Cheese maker's should have no problem with this. You will all be "Charcoal
/ Ash experts" after this post and your first batch is finished. Good Luck.

Materials Needed:

Paint Can (new and empty)
Choice of wood, vine, or other pithy product
Nail or awl
Hammer
Fireplace tongs
Campfire

Optional Materials:

Marshmallows on sticks
Kids and Family Members

Method. The NEW One gallon paint can can be purchased at any paint store.
One could use an old used burned out paint can but we are talking an
eventual food product here folks, so start with a NEW paint can.

With the lid removed from the can, a nail or awl and hammer is used to make
a vent hole in the direct center of this lid, about 1/4 inch ( 6 mm ) in
size. One vent hole only should be enough for our purpose. Care should be
taken not to distort the form of the lid because it is vital this lid fits
back on the can securely.

You now have a one gallon "Retort". You will fill your retort with whatever
wood product you care. It is not absolutely necessary that the wood be dry
prior to selection, but it doesn't hurt either. Grape vines seem to be the
subject matter concerning this cheese forum, but it could be any wood type
pieces of pithy fiber including maplewood, oakwood, soybean straw,
blueberry vine, etc..

It is very important to attempt to completely fill the void inside the
retort. Vine or other should really be "crammed" into this space and then
some. Wood can be cut up into small chunks and slivers in an attempt to get
more into the retort. Important: Air (oxygen) within the retort is your
enemy. However having done all this, you do still need to be able to
install the vented lid securely ( tight ).

With the lid returned to the retort tightly, you now require a rolling hot
campfire. ( optional marshmallows, Kids etc.. ) With ample care, the retort
is carefully placed onto the logs, coals, and flames in such a careful way
that the vent hole can always be watched carefully.

Very soon, as the retort begins to heat up to red hot, the contents will
begin to smoke. You are watching for this smoke spewing from the vent hole
only. Very soon the venting smoke should become white. The retort will not
blow up! The vent hole prevents an undue pressure build up within the unit.
However white smoke will stream out the vent as the retort gets hotter and
its contents volatilize. This white smoke will come to an end at some point
( one hour - plus or minus ) after all the volatile fuel within the retort
is spent. It is at this time that the retort is lifted out of the flames
with fireplace tongs or other, and set aside to cool overnight. Do Not open
while it is hot!, the contents will be ruined.
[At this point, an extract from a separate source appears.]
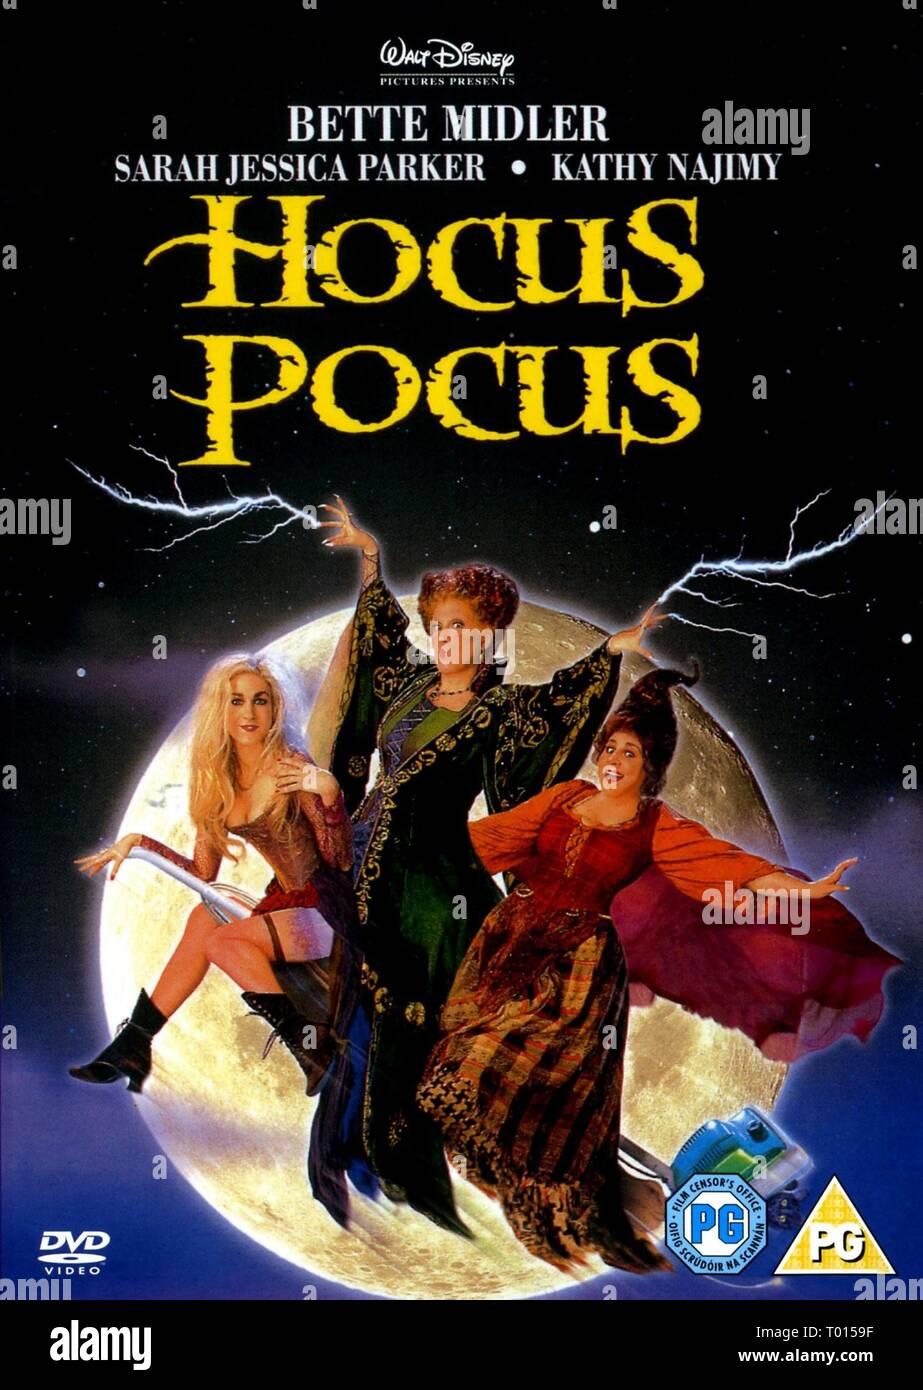 hocus pocus the movie full movie
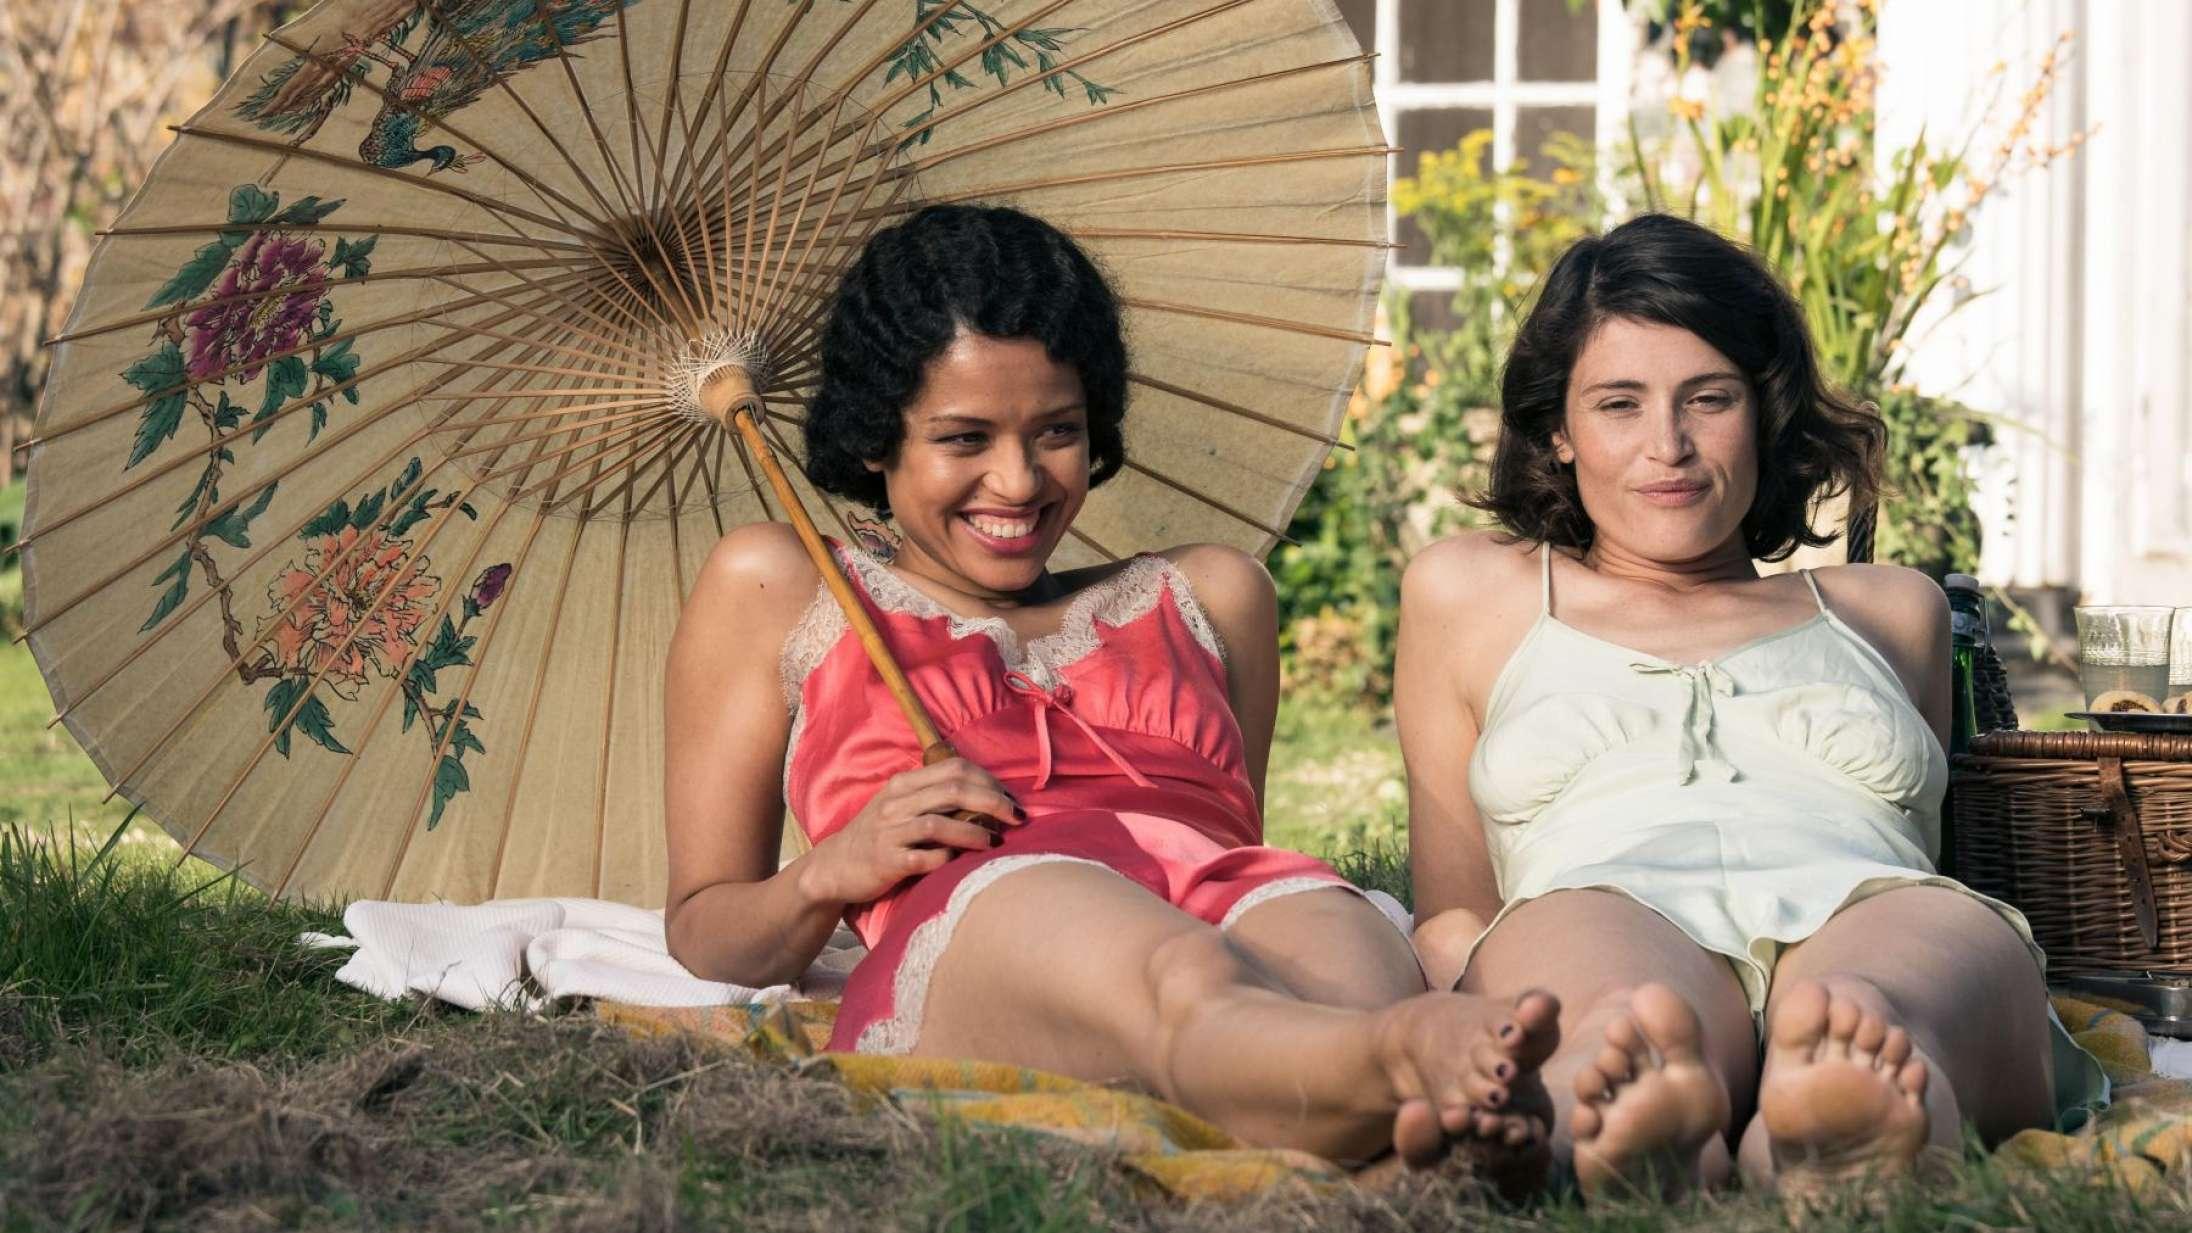 'Summerland': Krigsdrama med queer-plot er alt for nuttet

By the next morning your retort contents should be cool. Carefully open the
retort and you should have lovely custom charcoal. You may process this
charcoal by grinding or crushing, or however you care to process it ( Very
Messy, but clean fun! ). I should think this product would be fully edible
for cheese application and uses.

That's about it. Be safe. Good Luck!

Royal A. Purdy, [email protected]


----------



## paulaswrld

Wow, thanks so much I am going to try it. I also want to make Manchego (at least one that really tastes like manchego) the problem I believe is all in the milk.

Paula


----------



## Guest

This year I want to work on my mold ripened cheeses!

Christy


----------



## Bella Star

The ash sounds intriguing,especially since I need to prune my grapes . I also have some mold that I want to use and I think I bought it for the Brie making. ....
soo many choices of cheese and only sooo many months of milking


----------